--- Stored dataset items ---
┌──
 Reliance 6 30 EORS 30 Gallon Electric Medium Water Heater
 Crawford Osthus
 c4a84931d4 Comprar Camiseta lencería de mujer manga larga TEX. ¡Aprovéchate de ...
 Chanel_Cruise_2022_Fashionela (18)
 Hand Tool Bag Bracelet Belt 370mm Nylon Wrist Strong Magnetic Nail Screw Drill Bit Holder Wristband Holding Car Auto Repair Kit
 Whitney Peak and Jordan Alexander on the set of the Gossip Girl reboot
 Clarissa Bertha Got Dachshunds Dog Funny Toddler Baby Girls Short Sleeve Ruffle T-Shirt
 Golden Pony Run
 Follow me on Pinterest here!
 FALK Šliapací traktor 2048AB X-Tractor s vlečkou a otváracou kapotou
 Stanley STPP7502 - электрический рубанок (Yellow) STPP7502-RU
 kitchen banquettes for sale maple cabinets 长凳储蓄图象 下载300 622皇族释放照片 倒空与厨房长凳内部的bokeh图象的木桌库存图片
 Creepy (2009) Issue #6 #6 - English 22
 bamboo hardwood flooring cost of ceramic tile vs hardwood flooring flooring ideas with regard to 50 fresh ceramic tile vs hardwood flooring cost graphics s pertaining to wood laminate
└──
--- WORK ITEM ---
Restate the records word for word, keeping every line.

--- ANSWER TO THIS TASK ---
 Reliance 6 30 EORS 30 Gallon Electric Medium Water Heater
 Crawford Osthus
 c4a84931d4 Comprar Camiseta lencería de mujer manga larga TEX. ¡Aprovéchate de ...
 Chanel_Cruise_2022_Fashionela (18)
 Hand Tool Bag Bracelet Belt 370mm Nylon Wrist Strong Magnetic Nail Screw Drill Bit Holder Wristband Holding Car Auto Repair Kit
 Whitney Peak and Jordan Alexander on the set of the Gossip Girl reboot
 Clarissa Bertha Got Dachshunds Dog Funny Toddler Baby Girls Short Sleeve Ruffle T-Shirt
 Golden Pony Run
 Follow me on Pinterest here!
 FALK Šliapací traktor 2048AB X-Tractor s vlečkou a otváracou kapotou
 Stanley STPP7502 - электрический рубанок (Yellow) STPP7502-RU
 kitchen banquettes for sale maple cabinets 长凳储蓄图象 下载300 622皇族释放照片 倒空与厨房长凳内部的bokeh图象的木桌库存图片
 Creepy (2009) Issue #6 #6 - English 22
 bamboo hardwood flooring cost of ceramic tile vs hardwood flooring flooring ideas with regard to 50 fresh ceramic tile vs hardwood flooring cost graphics s pertaining to wood laminate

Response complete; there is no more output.